* [To do]:
These records contain pictures, which must be left out; copy exactly the lines from the one with "Tentacle Beach Party main image" up to and including the one with "Amy Lee image by iolmstead23".

* [Exercise material]:
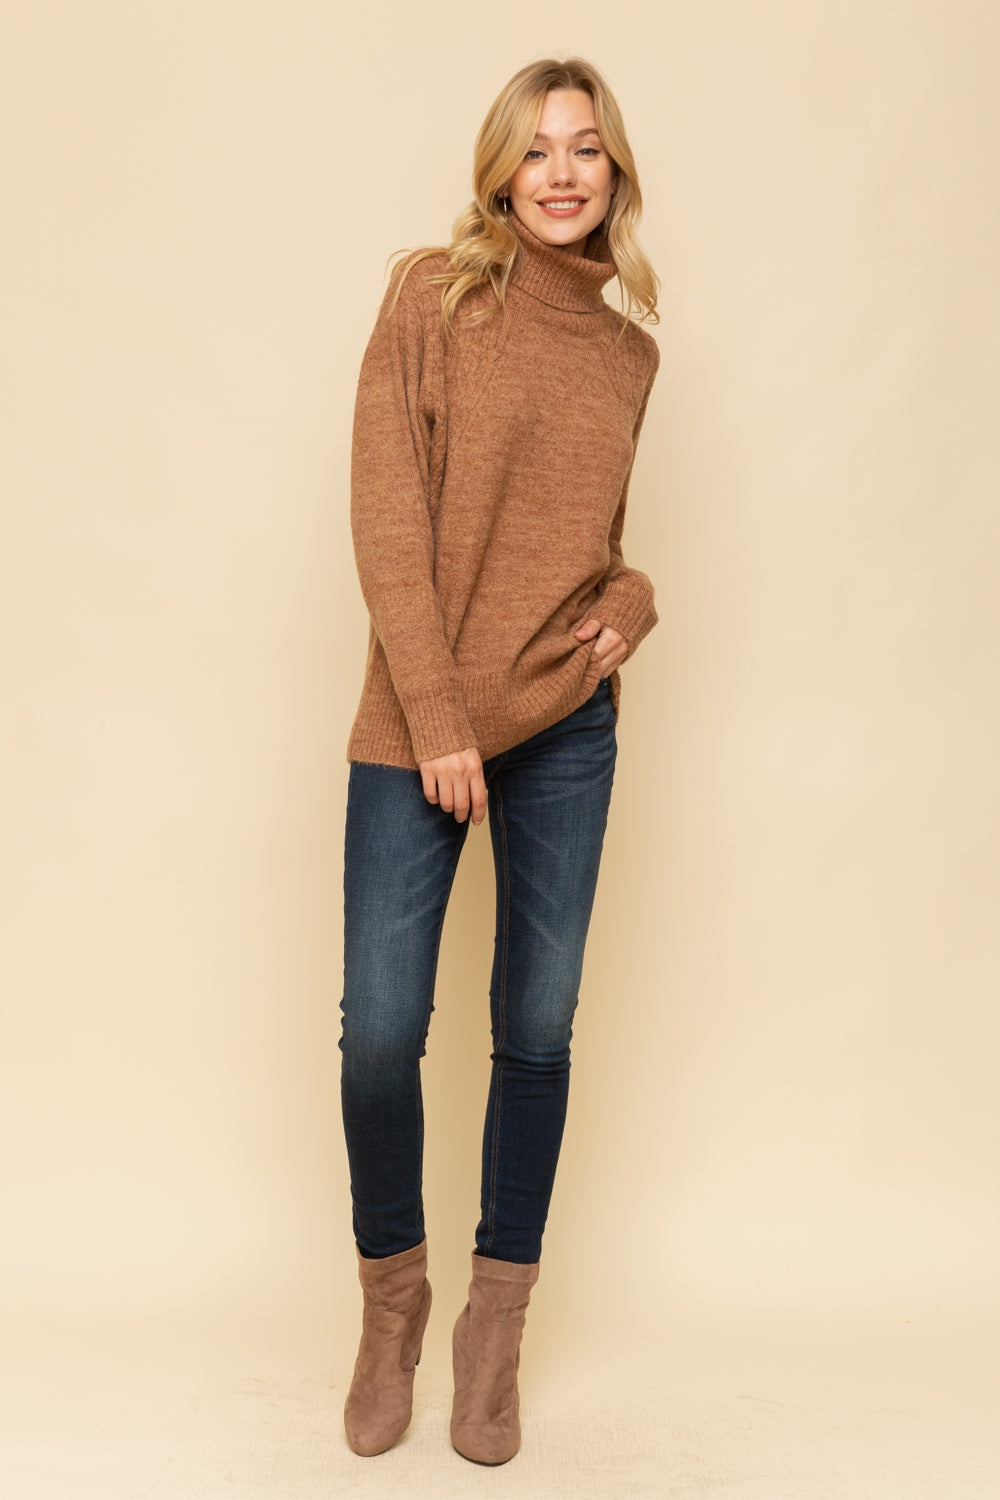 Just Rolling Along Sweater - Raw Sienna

...

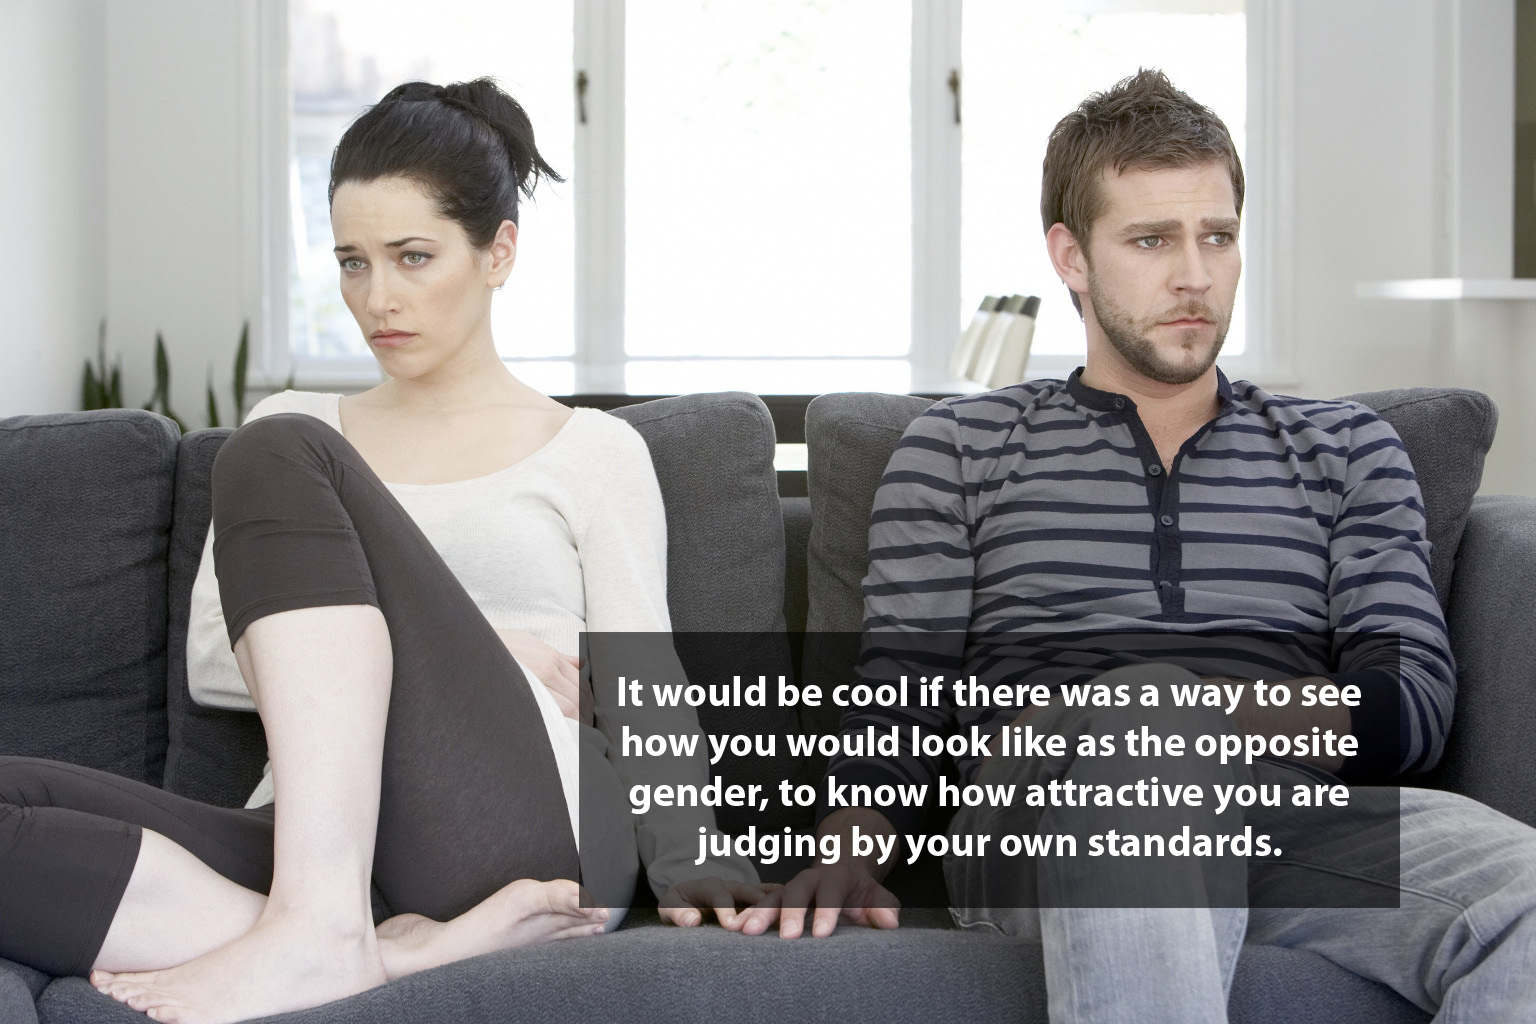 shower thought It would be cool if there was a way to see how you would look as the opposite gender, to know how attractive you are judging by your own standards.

---

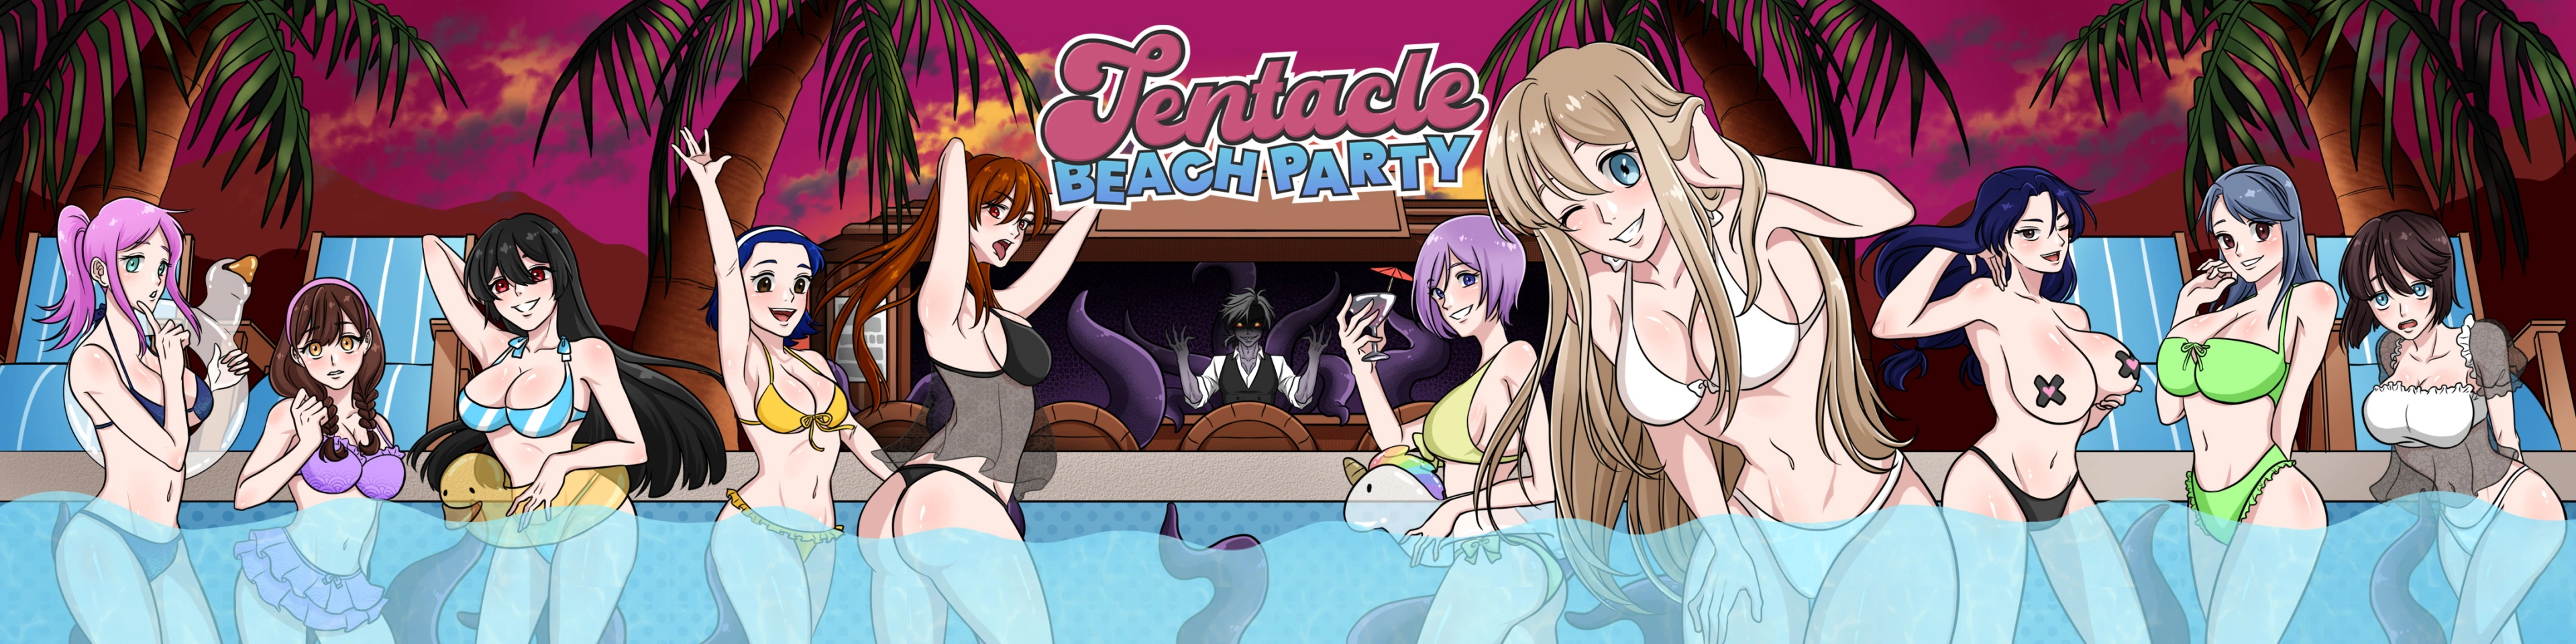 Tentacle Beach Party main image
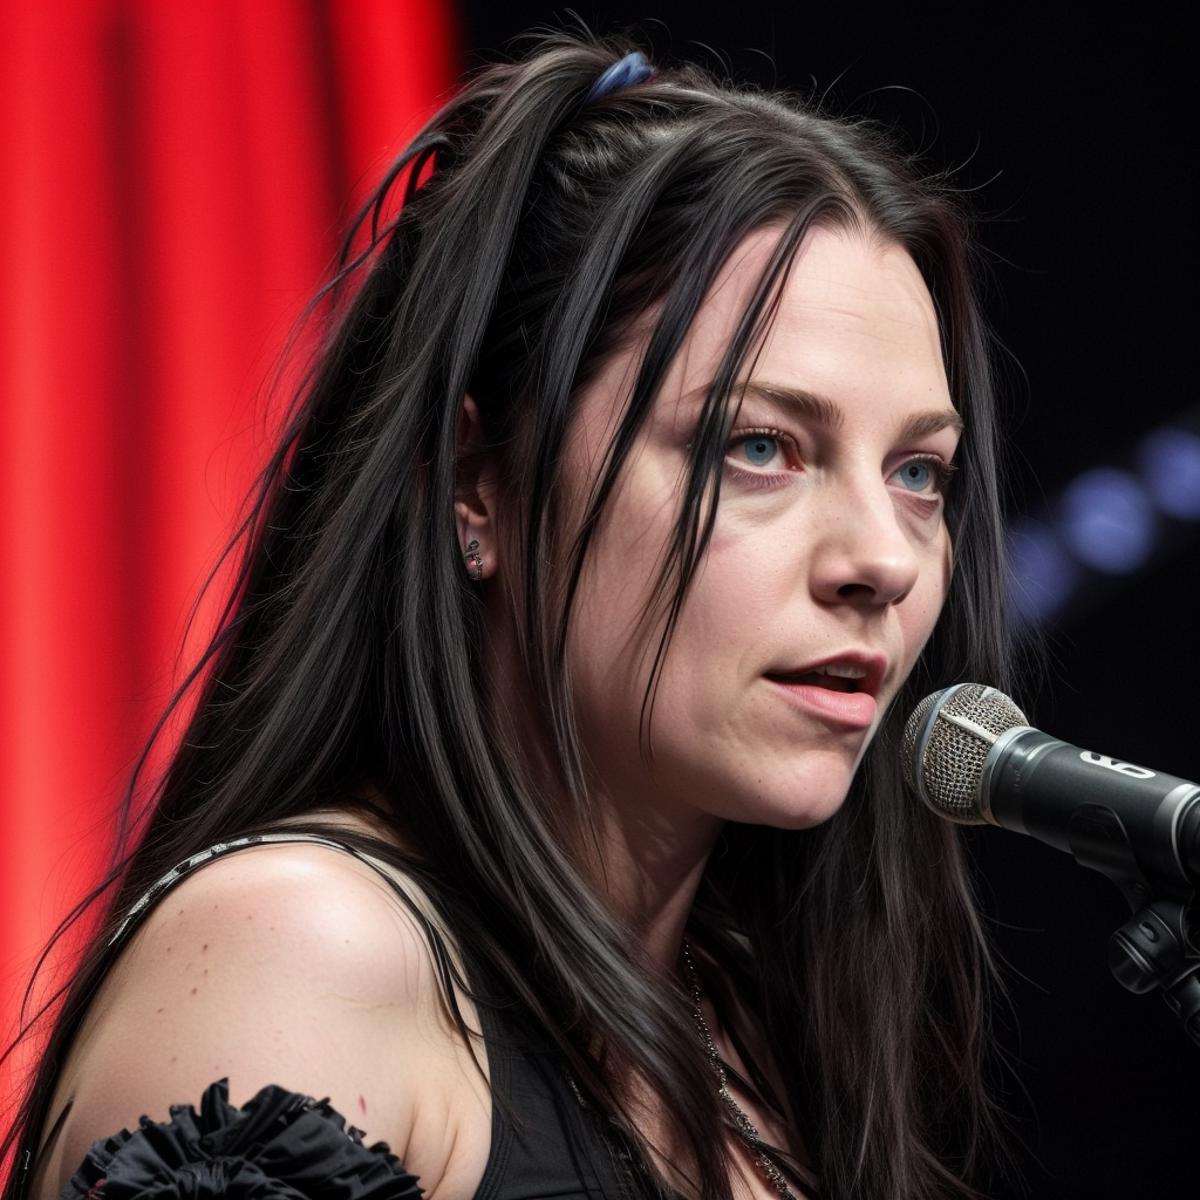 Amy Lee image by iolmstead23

* [Result]:
 Tentacle Beach Party main image
 Amy Lee image by iolmstead23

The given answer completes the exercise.